This journey began with an email six months ago. It said, in part, "I would like to expand the kind of therapy dog work we do to include women and children who are victims of domestic violence. If you would consider a therapy dog program at Safe Harbor, please let me know."
There was interest about a therapy dog program from the beginning. But our first serious discussion about a program, I was required (as are all volunteers) to take 30hours of training: Domestic Violence 101. By the end of January my volunteer training was complete.
Next, Murphy, my therapy dog, and I gave a brief presentation to all Safe Harbor staff about the difference dogs can make in people's lives using animal assisted therapy. As always, Murphy demonstrated how it works. A room changes when he walks in. People smile, maybe even laugh. They lean forward, their body language asking "when do I get to pet the big brown dog?"
The presentation went well and the next step was to sit down with the director of client services and come up with a plan. We talked through the possibilities and decided to start with a visit when group counseling for their clients is offered. Since this counseling is for adults only, children who come along usually play in the kids' room, supervised by a volunteer.
We set the date for me and Murphy to start, not knowing if any children would be there that evening.
We arrived at the community offices and were met by a volunteer, a mom and a bouncy 5-year-old. We'll call her Carolyn. Murphy was introduced all around and mom left for counseling. Carolyn and Murphy started getting acquainted. She put her hand on his back, he turned his big Lab head to look at her, and she giggled. She giggled a lot. And she talked to Murphy. For an hour and a half.

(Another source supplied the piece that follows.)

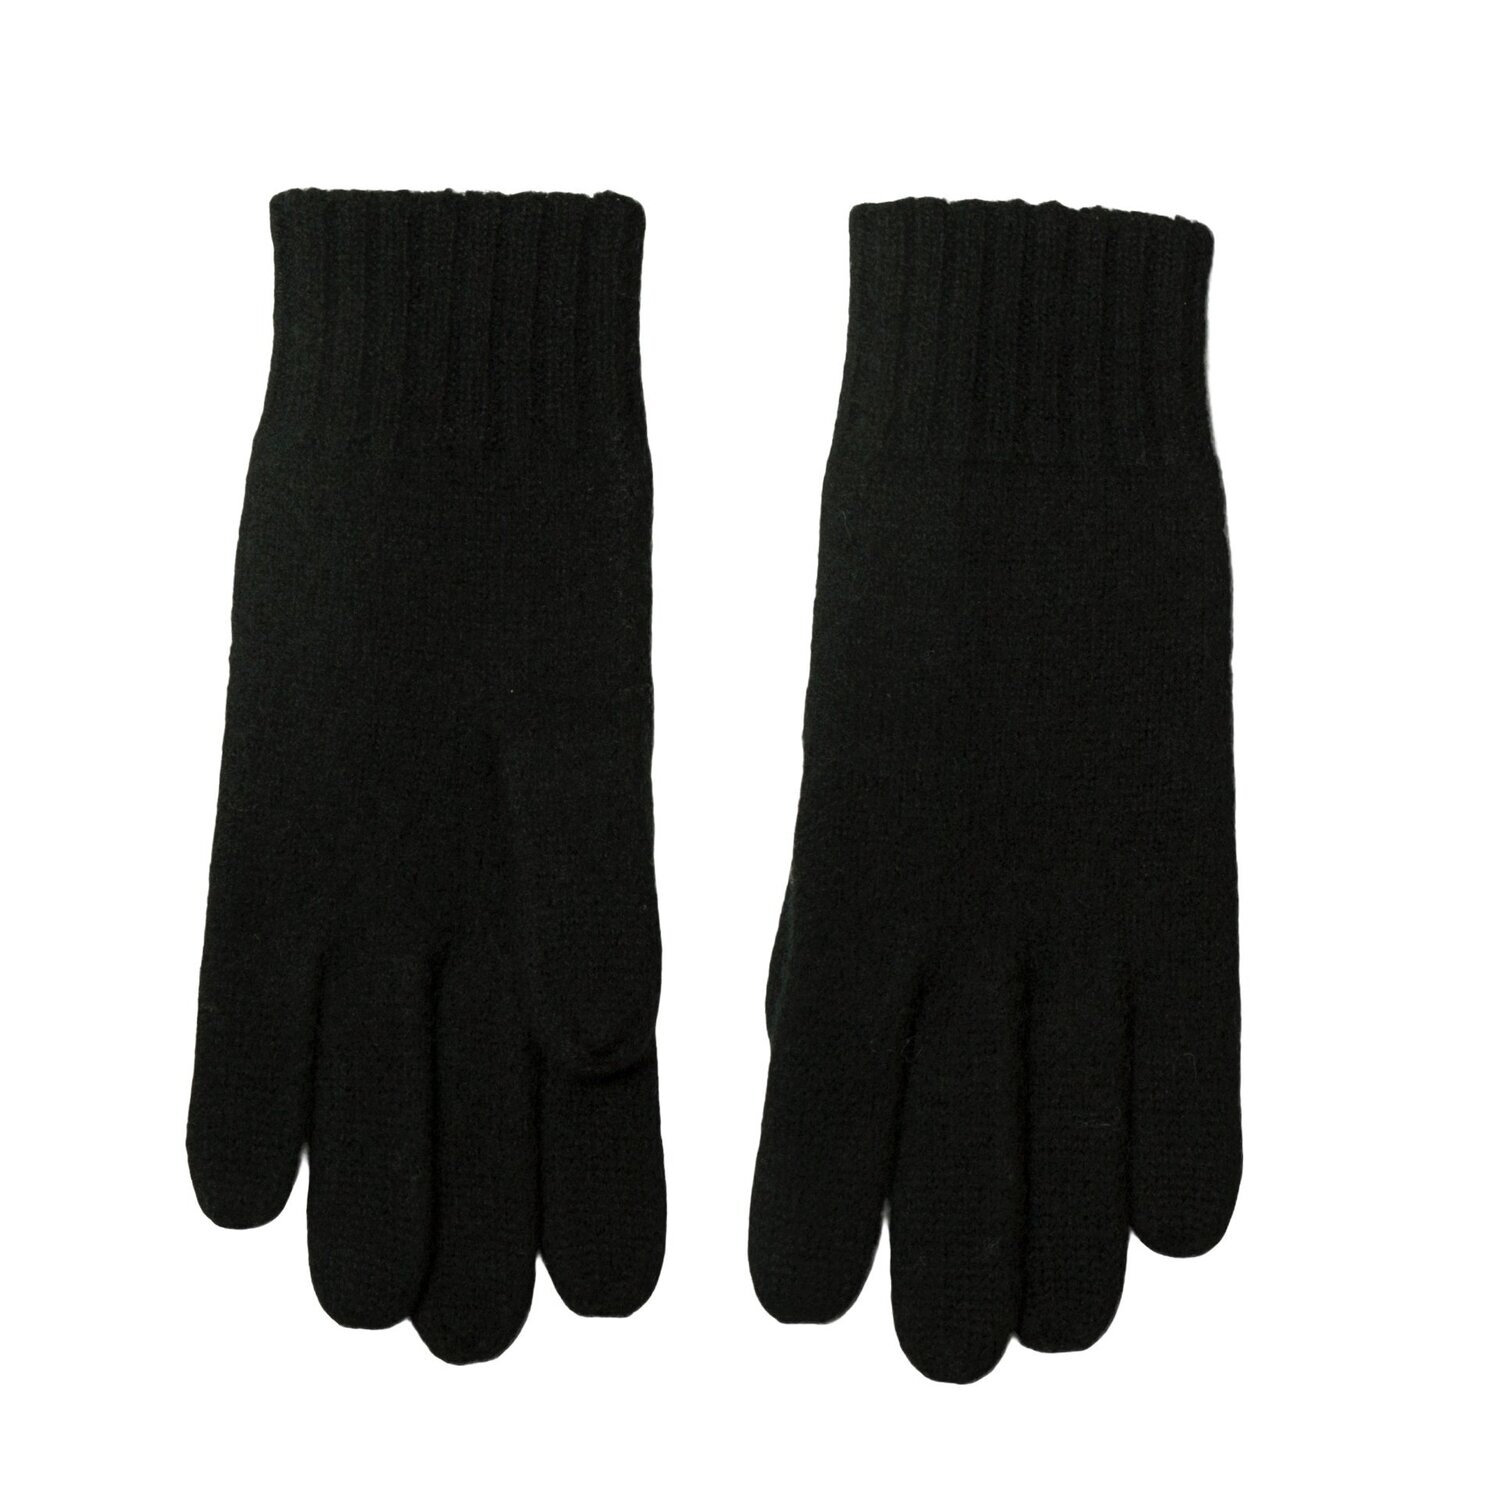 Herren Handschuhe 100% Wolle schwarz

I carry a special backpack when I take Murphy to visit folks. It has lots of his favorite toys and games, extra gear, his special water bottle, and of course, treats. Carolyn pulled every single thing out of the pack. She played the muffin pan game with Murphy. She played tug. She groomed him. She played with his tail. She watered him. She gave me doggy cookies. And she walked him. I always have two leashes with me. When Carolyn reached for my leash, I asked her to wait a moment - that I had one just for her. It's a short leash, easily managed by a child. I clipped it to Murphy's collar and off we went, me on one side with the leash attached to his harness, Carolyn on the other side, leading Murphy all around the offices. She showed him every room, every chair, wastebasket, picture. And all the while, my 90-pound chocolate Lab simply wagged and followed along.
One moment in particular was a wow: Carolyn leaned over Murphy, hugged him tight, laid her head on him, and said "I love you, Murphy." AND she let him win at Chutes & Ladders.
This is new territory. We don't know how many ways we can help victims of domestic violence. We know only that we CAN help. We know that dogs have the power to heal, to give comfort, to make giggles happen.
Great job, Murphy!
If anyone out there has a connection with Build a Bear, we need your help. We need a stuffed animal that looks like Murphy - a chocolate Lab (and Dixie the GSD, Nana the Newf, etc.). Why? Because after a vist, we could send a child home with a miniature version of her therapy dog to talk to when the real deal isn't around.